Publisher pays $182 million in cash for properties
The Hearst Corp. has doubled up in the teen magazine market with the purchase of Seventeen from Primedia. Deal, which will complement Hearst’s successful CosmoGirl mag, was announced Thursday after a months-long auction that ended with Hearst outbidding Hachette Filipacchi Media USA.
Hearst paid $182 million in cash for the girly glossy, less than the $200 million-plus Primedia had hoped for. The proceeds will go toward shaving Primedia’s $1.7 billion debt, and are indicative of expected magazine sales in the future as the media company pares down under pressure from Kohlberg Kravis Roberts, Primedia’s primary shareholder.
One industryite called the payout a “fairly rich price,” considering that Seventeen’s operating profits last year were $15 million — one-twelfth of $182 million.
Hearst also acquired a number of Seventeen and teen-related brand initiatives in the transaction — including Teen magazine, which Primedia shuttered last year soon after it had acquired it and other mags from Britain’s Emap for $515 million.
“For Hearst it is a strategic investment because of its scale and potential alongside our other U.S. and international magazine businesses,” read a statement from Hearst.
Although Seventeen has long been the leader in the teen market with a circulation of 2.4 million, lately the magazine has been struggling, in part due to an onslaught of magazines like CosmoGirl, Time Inc.’s Teen People, Hachette Filipacchi’s Elle Girl and Gruner & Jahr USA’s YM. Earlier this year Conde Nast joined the lot with Teen Vogue. And Disney Publishing Worldwide is set to launch an American edition of W.i.t.c.h. magazine, which is also aimed at young girls.
Operating profits at Seventeen were down to $15 million last year from $25 million in 2000. Newsstand sales were off by 24% in the last half of 2002 compared with the same period in 2001. And a number of editorial hires have taken place over the past several months, as the magazine has tried to freshen its image, which many call dated and not as “sassy” as its competitors. In a move that now proves ironic, last November CosmoGirl’s executive editor Sabrina Weill jumped from Hearst to helm Seventeen.
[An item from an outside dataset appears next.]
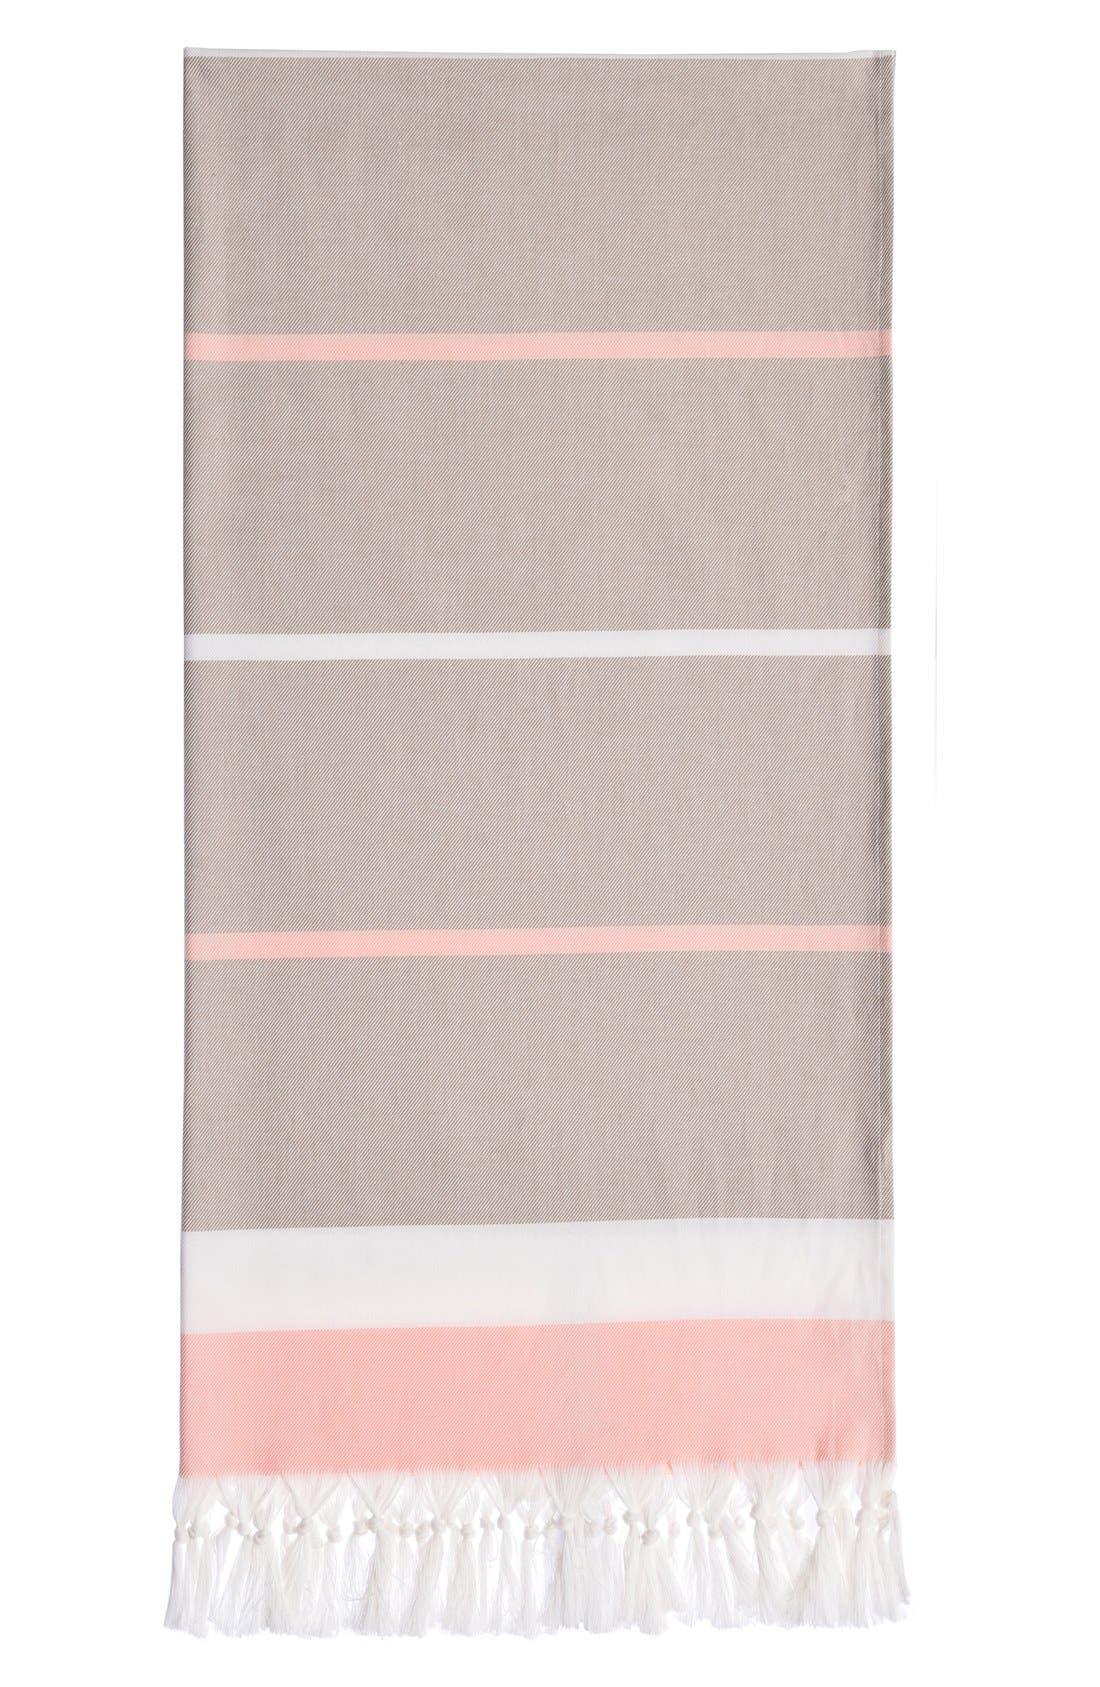 Linum Home Textiles 'Seaside Fun' Turkish Pestemal Towel
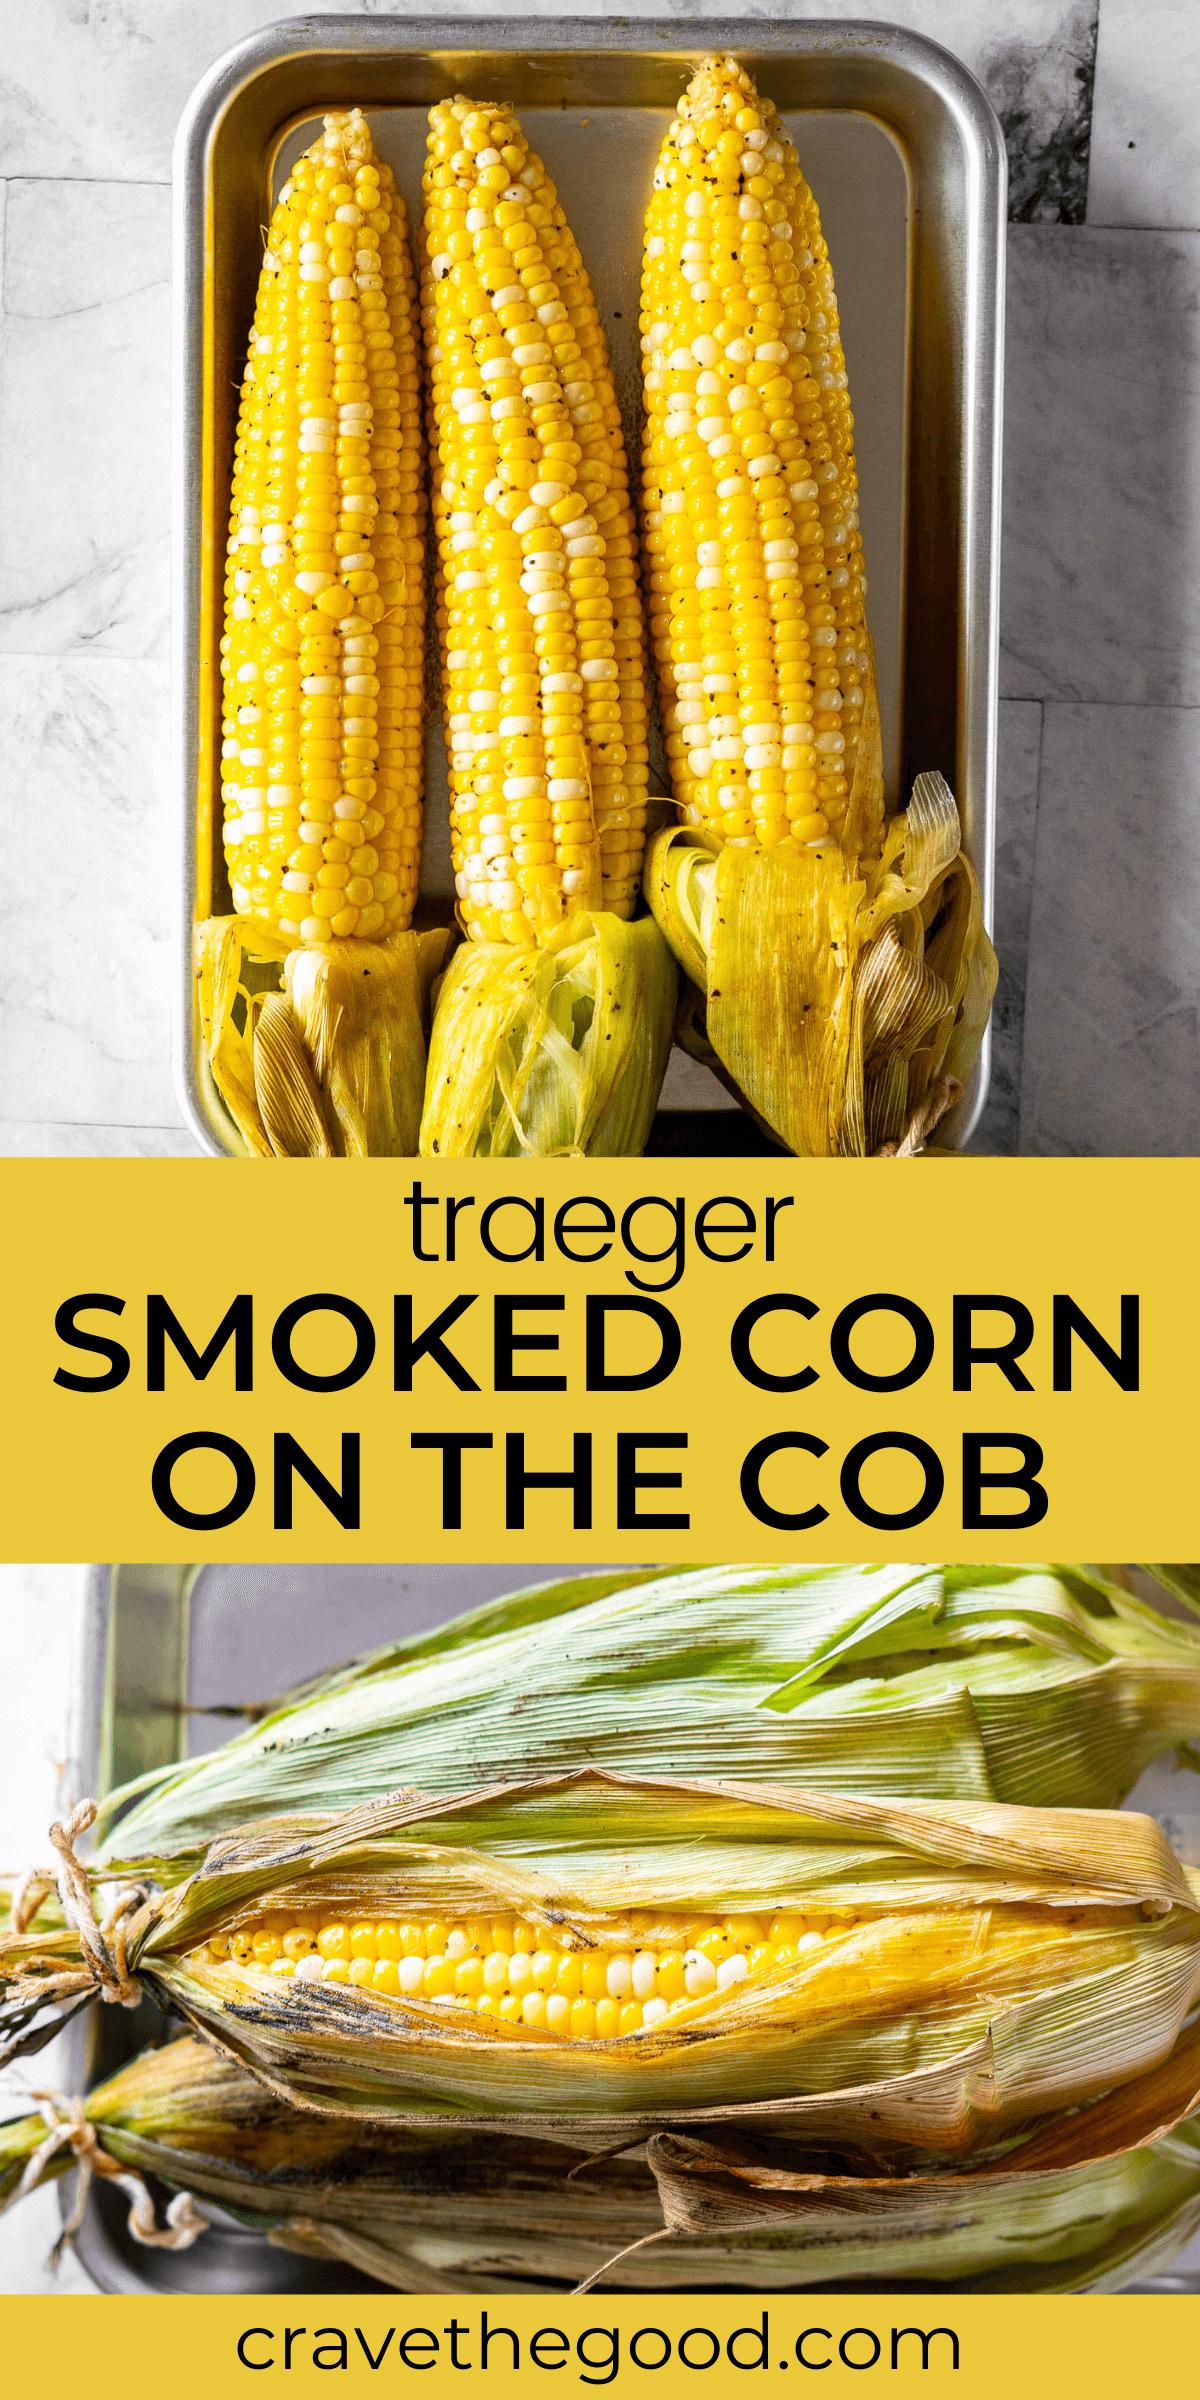 Traeger smoked corn on the cob pinterest graphic.

According to Hearst, Seventeen’s staff will transfer in the acquisition, bringing Weill back to Hearst.
“I don’t know if they’ll be welcoming her with open arms,” one source said.
A single owner having multiple magazines in one category has had mixed results historically, depending on whether readers and advertisers have been able to mark a notable distinction between titles. While Hachette’s Road and Track and Car and Driver has been a successful pairing, others have been less so, such as Time Inc.’s Ski and Skiing magazines and Outdoor Life and Field and Stream.
Ownership of Seventeen will allow Hearst to offer advertisers perks like package deals for ads in its teen magazines, which together have a circulation of almost 4 million. But the challenge will be how to increase readers at both Seventeen and CosmoGirl without allowing one to elbow out the other.
“It’s up to Hearst to make sure there’s a real discernible difference between Seventeen and CosmoGirl,” said Chip Block, vice chairman USAPubs Inc.
However, the first step will be sprucing up Seventeen. “They need to put some life into it and make it more like a 2003 magazine than one from 1980,” said Samir “Mr. Magazine” Husni, a professor of journalism at the University of Mississippi.
Block warned, though, that too much sprucing could both alienate buyers who have come to expect Seventeen’s more staid fare, as well as push the magazine into CosmoGirl turf.
‘Fine line’ of changes
“They have to walk a very fine line,” Block said. “There’s some edginess that’s required, but it’s a trade-off.”
Under prexy Cathleen Black, who took over in 1995, Hearst has been praised for prudent belt-tightening, such as shuttering Tina Brown’s Talk last year.
Thus some were surprised by the splurge on Seventeen.
“Hearst is not a big buyer of magazines,” said Steve Cohn, editor in chief of the Media Industry Newsletter. “They bought Veranda last year, but that was their first purchase since Esquire in 1986.
“They’re very careful and strategic,” he said. “They’re not ones to do this every day.”